- _ABOUT THIS EXERCISE_
Drop the pictures; give again exactly the lines from the one holding "Markteinführung Good Food Sign - Etsy" through the end of the data.

- _INPUT DATA_
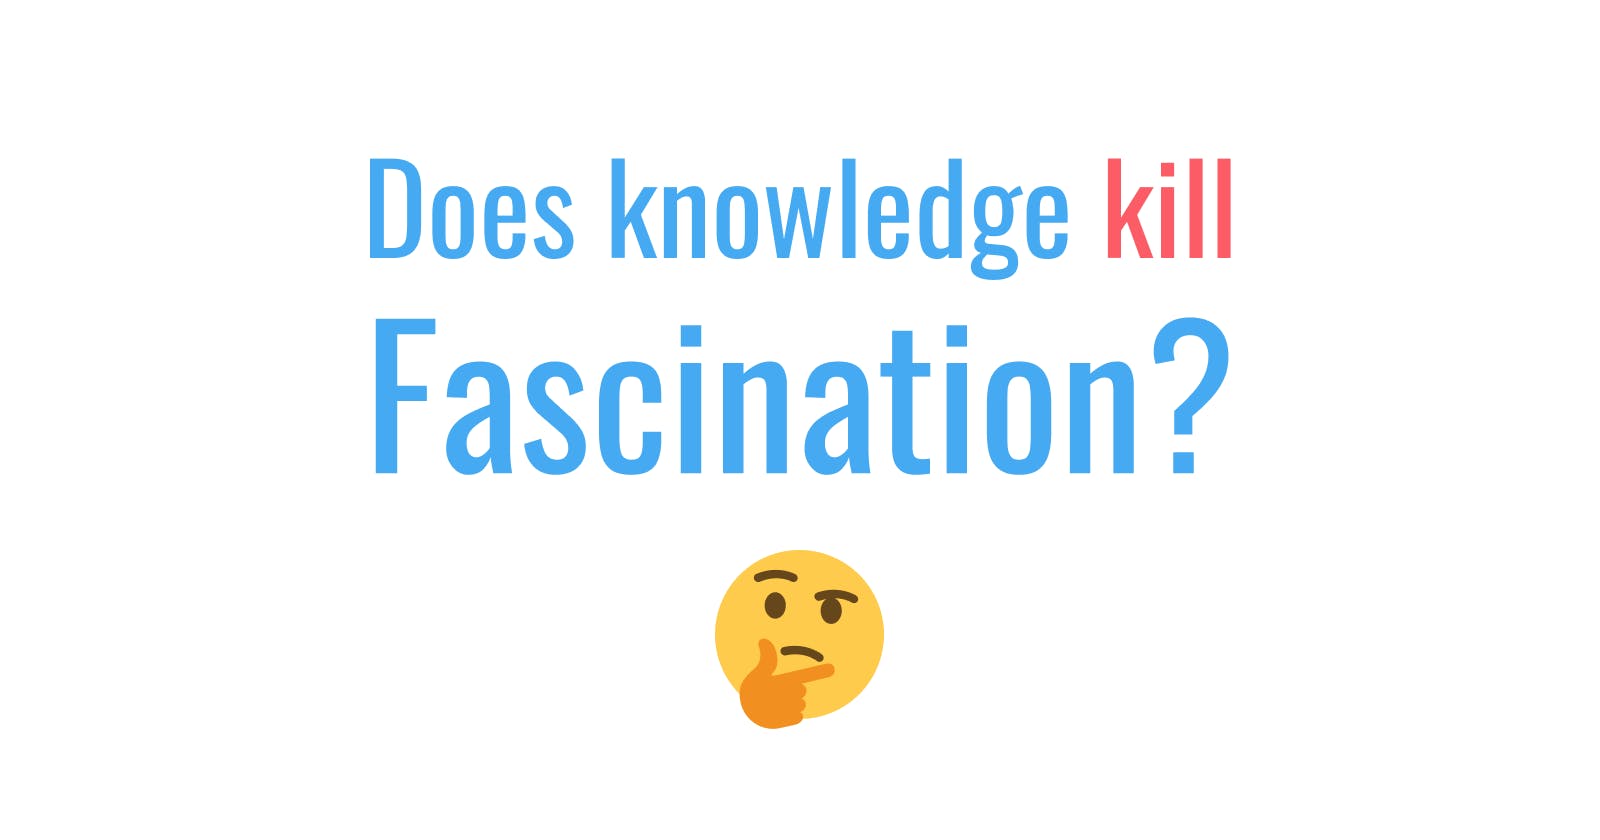 Does knowledge kill facination?
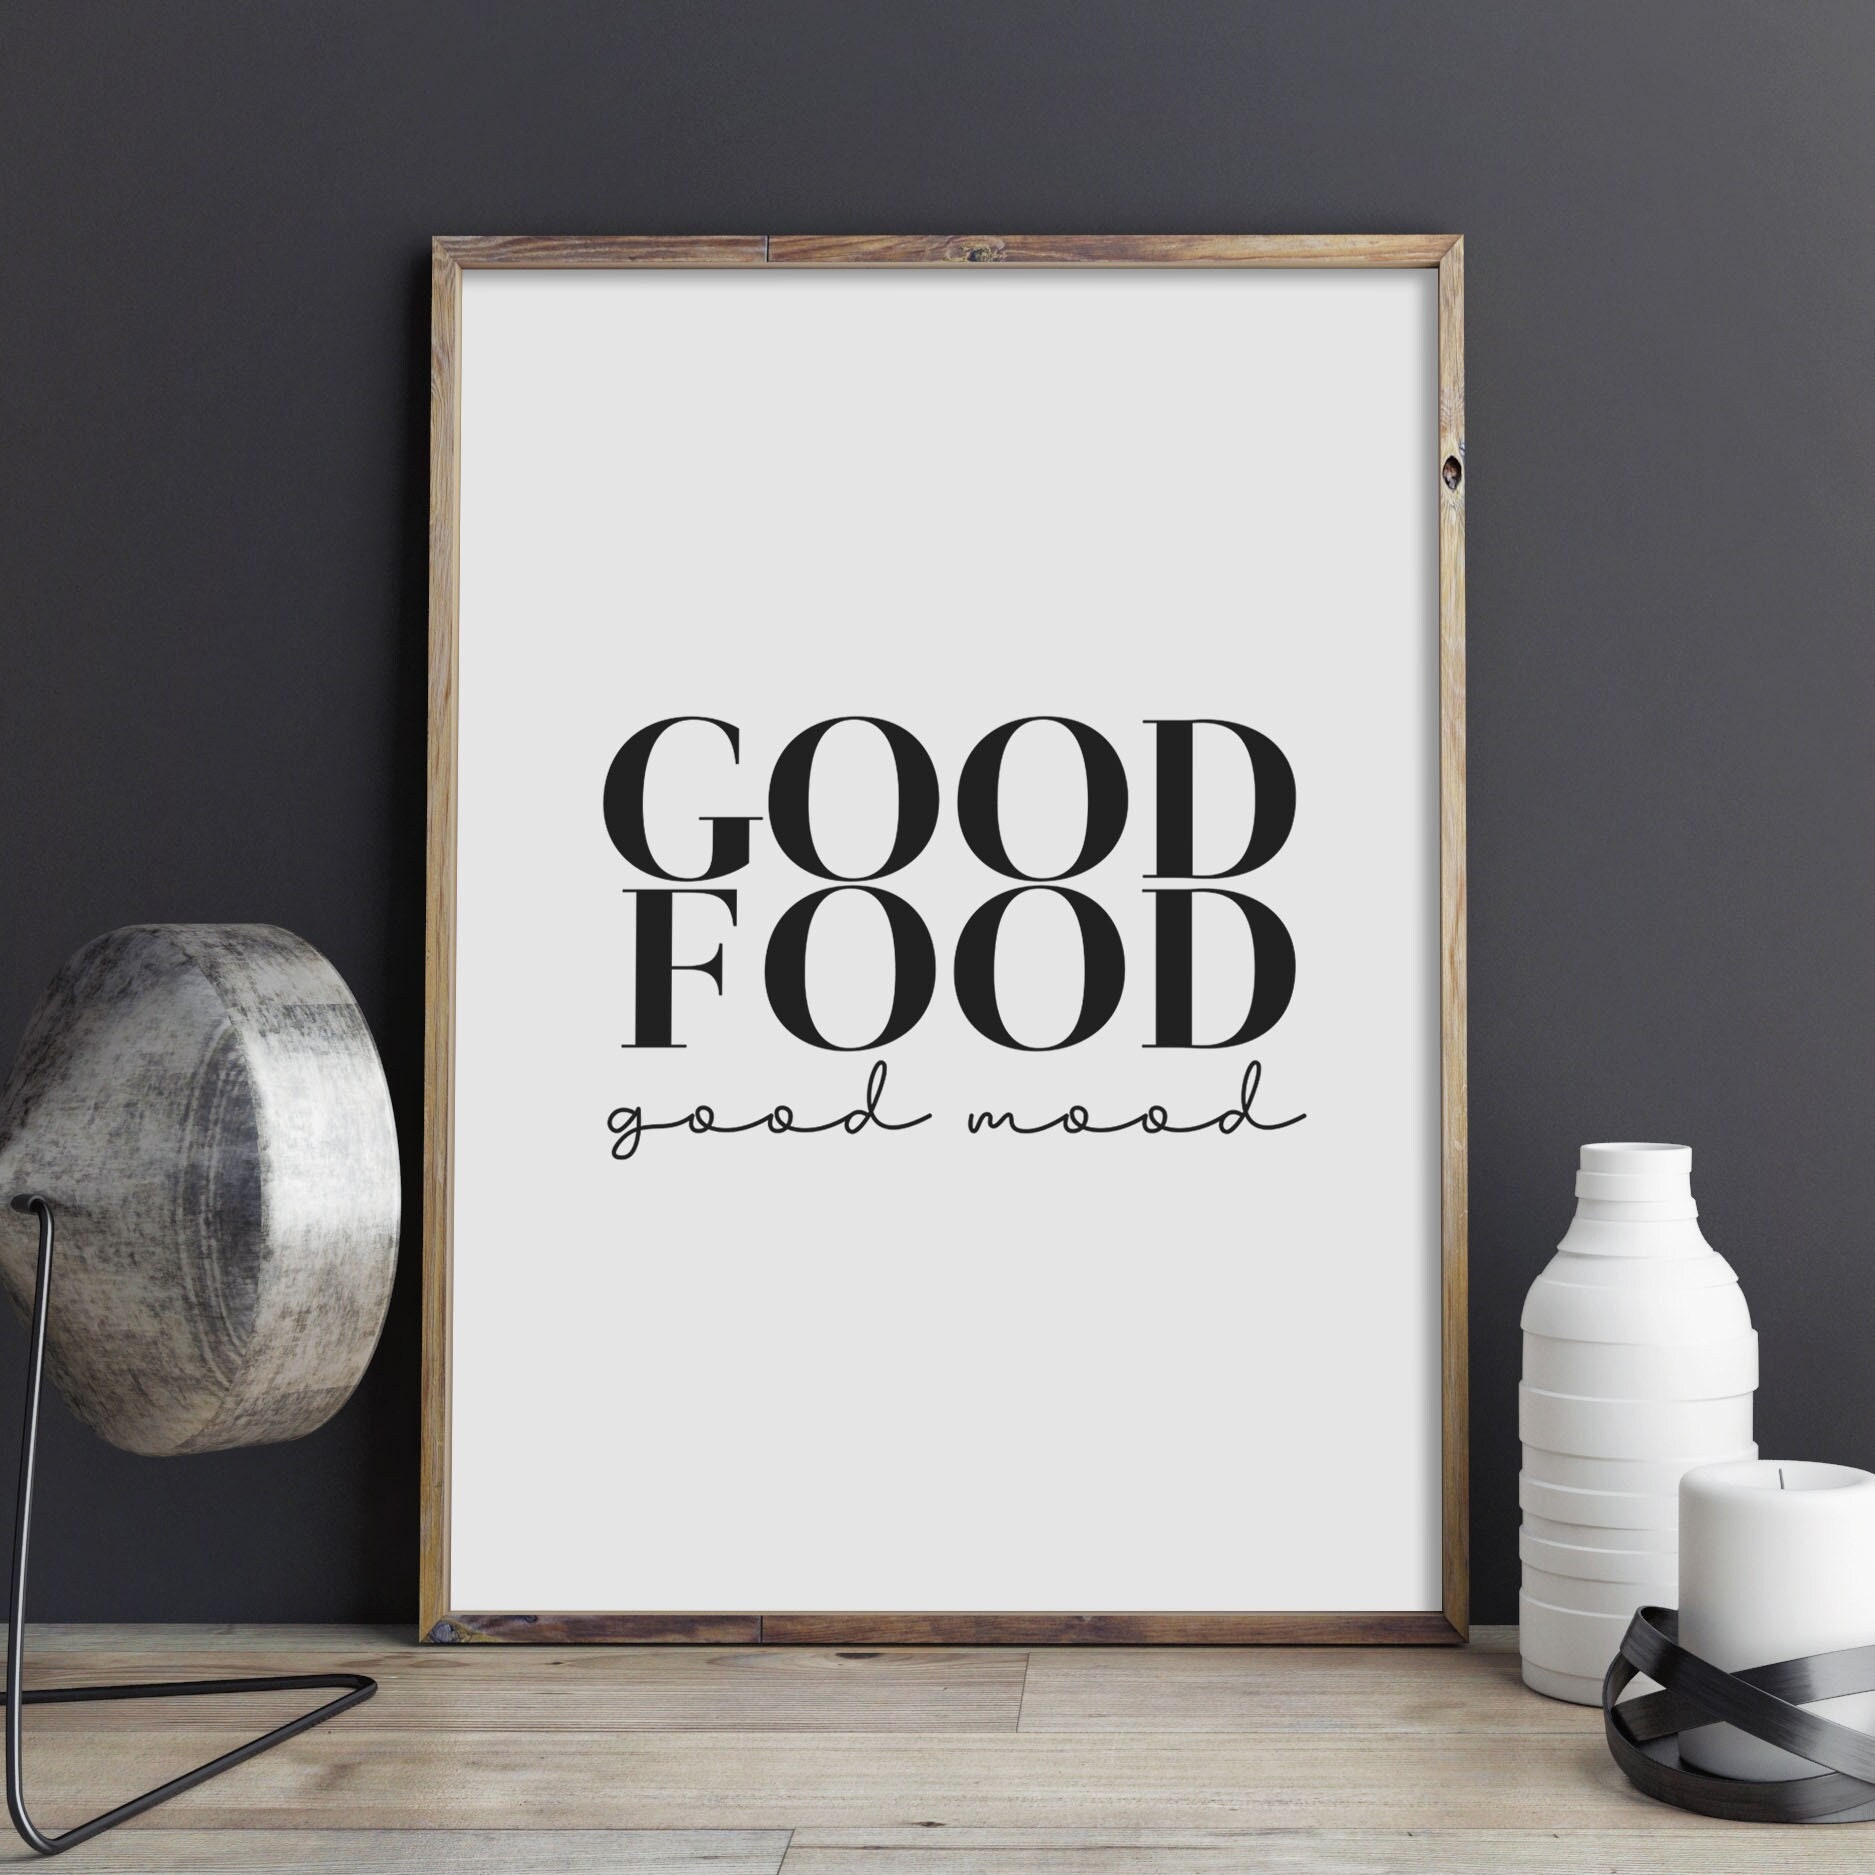 Markteinführung Good Food Sign - Etsy
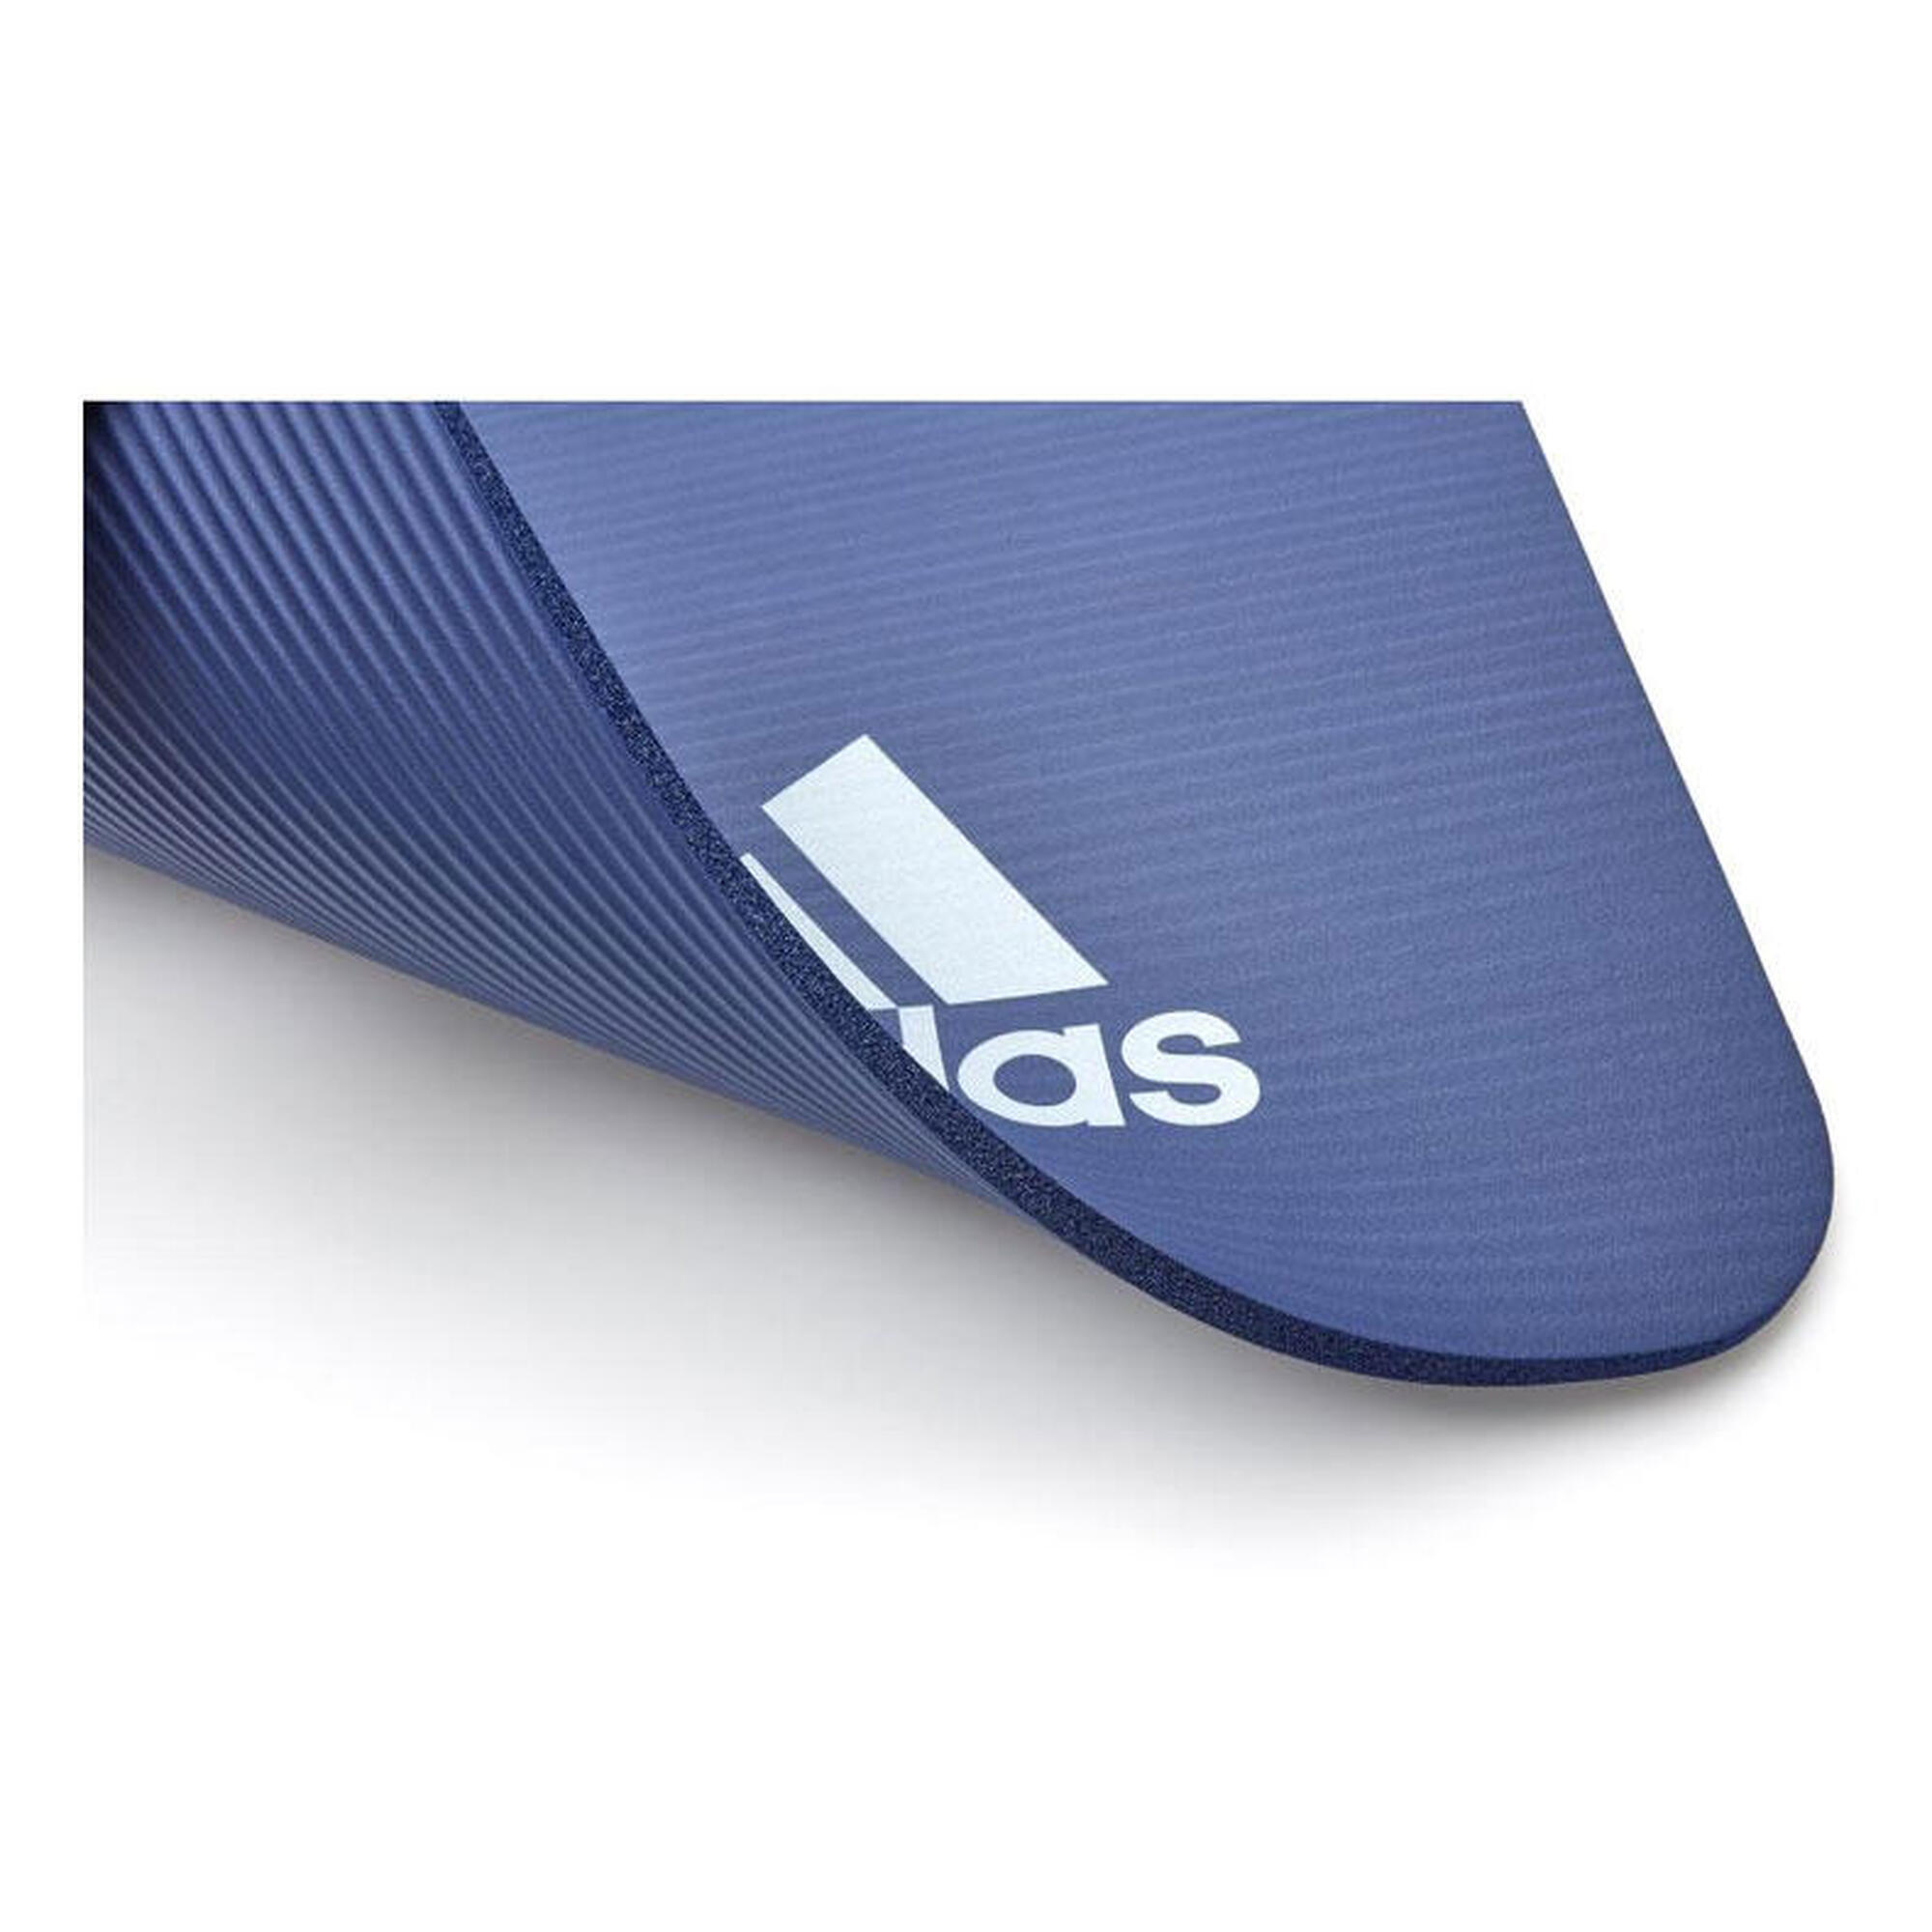 Tappetino di fitness Adidas - 10mm - Blu

- _WRITTEN ANSWER_
 Markteinführung Good Food Sign - Etsy
 Tappetino di fitness Adidas - 10mm - Blu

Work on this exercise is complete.